Ритуал знакомства был совершен.
— Вы хорошо говорите по-русски, — сказала я.
— Выучился в тюрьме. Сидел я больше в одиночке. Мне давали много русских книг. Начал легко, потому что знал болгарский, и это помогло. Вот и познакомился довольно подробно с русской литературой. Книг в тюрьме много дают.
— Не всем.
— Я считался не арестованным, а «временно задержанным» и имел некоторые привилегии, — он улыбнулся. — Хасэгава-сан пользуется моими переводами, мы с ним объясняемся по-английски.
От Золтана Риво я узнала биографию Хасэгавы. Химик по специальности, он был главным инженером на военном заводе в Корее. Когда японцы под давлением советских войск покинули Корею, он получил приказ японского правительства: взорвать завод. Выполнил приказ, но не успел уйти, попал в плен.
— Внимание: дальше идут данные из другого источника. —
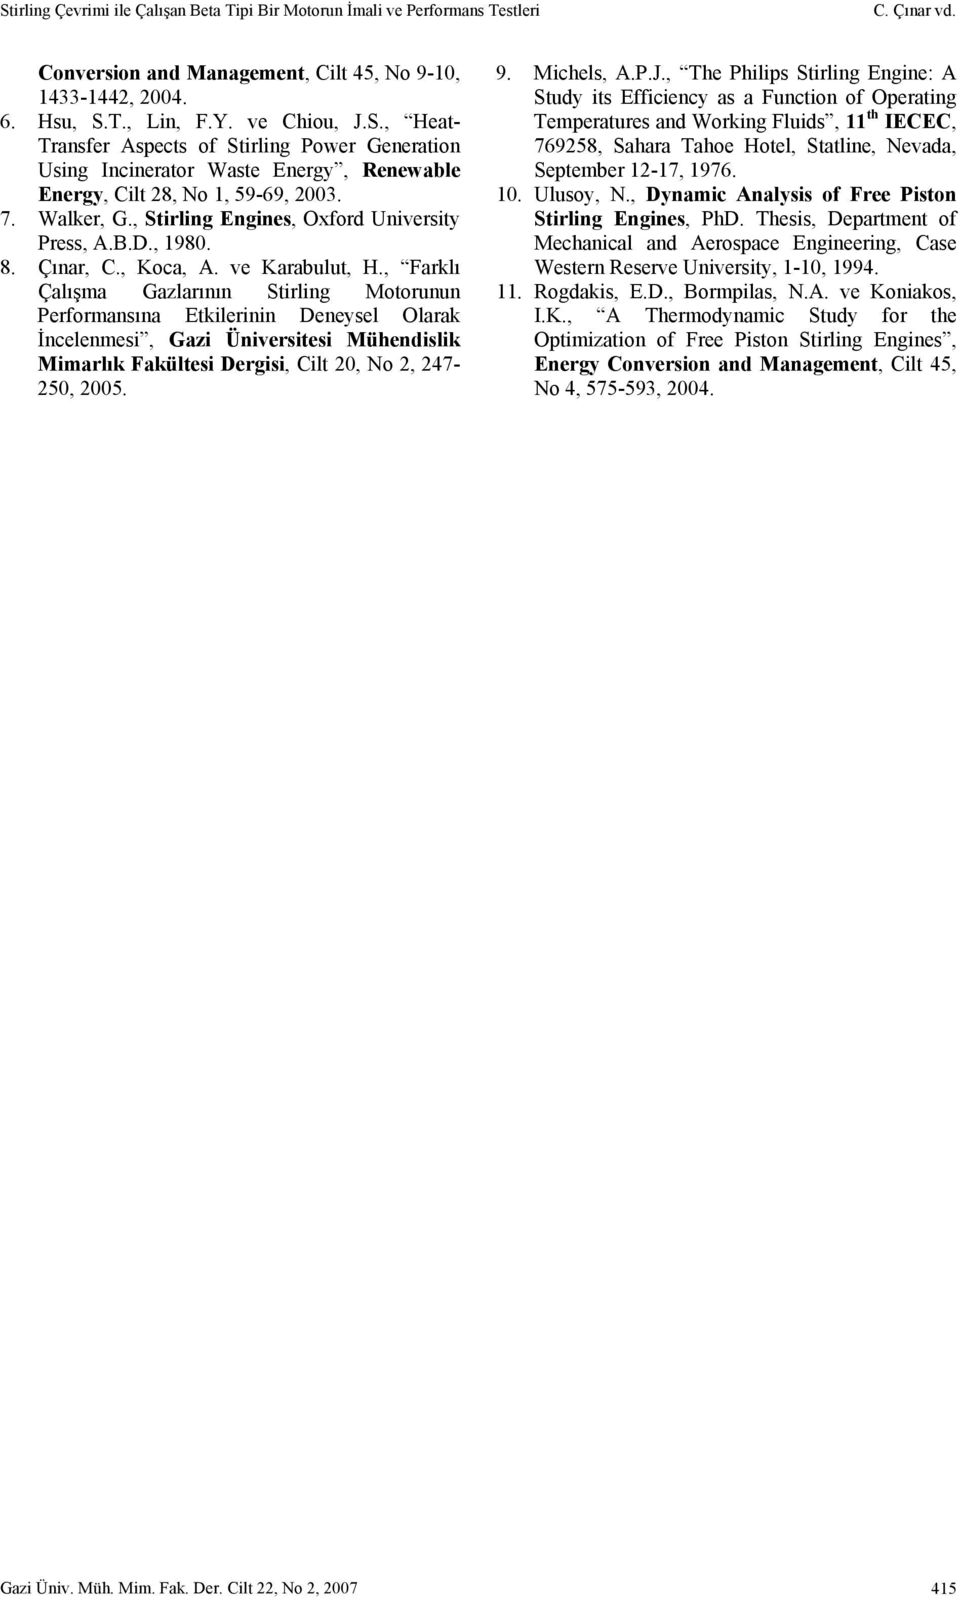 , Farklı Çalışma Gazlarının Stirling Motorunun Performansına Etkilerinin Deneysel Olarak İncelenmesi, Gazi Üniversitesi Mühendislik Mimarlık Fakültesi Dergisi, Cilt 20, No 2, 247-250, 2005. 9.

Его отправили в советские лагеря, где он пробыл с 1945-го по 1952 год, а потом — в ссылку. Хасэгава слушал внимательно, переводя глаза с Риво на меня, старался понять рассказ.
— 58–1а, — сказал он, разводя руками. Улыбнулся: — Мико-мико-дей, помогай!
— Кто такой Мико-мико-дей? — спросила я у Золтана.
— Бог смеха Мико-мико-дей, — ответил Хасэгава, поняв вопрос. Ему действительно помогал этот бог; позднее он приходил ко мне с искорками смеха в глазах, заменяя мимикой недостающие слова, изображал комические сценки, которые видел в колхозе — его поставили сторожить колхозный инвентарь.
Хасэгава Хидео на Енисее. 1953 г.
В чужой стране ему было смешно и удивительно смотреть, как валяются под открытым небом машины, как весной колхозный председатель бегал и суетился, торопя сжечь неубранное осенью поле пшеницы, потому что боялся, как бы не наехал из района кто-нибудь и не нагорело за прошлогодние огрехи. Мне не было смешно. Японца потешала неорганизованность работ, нежелание работать. Мне становилось стыдно перед ним за то, что делали, как стыдно было и за нелепость суда над ним: почему военнопленный, выполнявший приказ своего правительства, получил наказание по статье 58–1а, гласившей «измена родине»? Какой родине он изменил? Помочь пережить ему мог только старый бог смеха — Мико-мико-дей.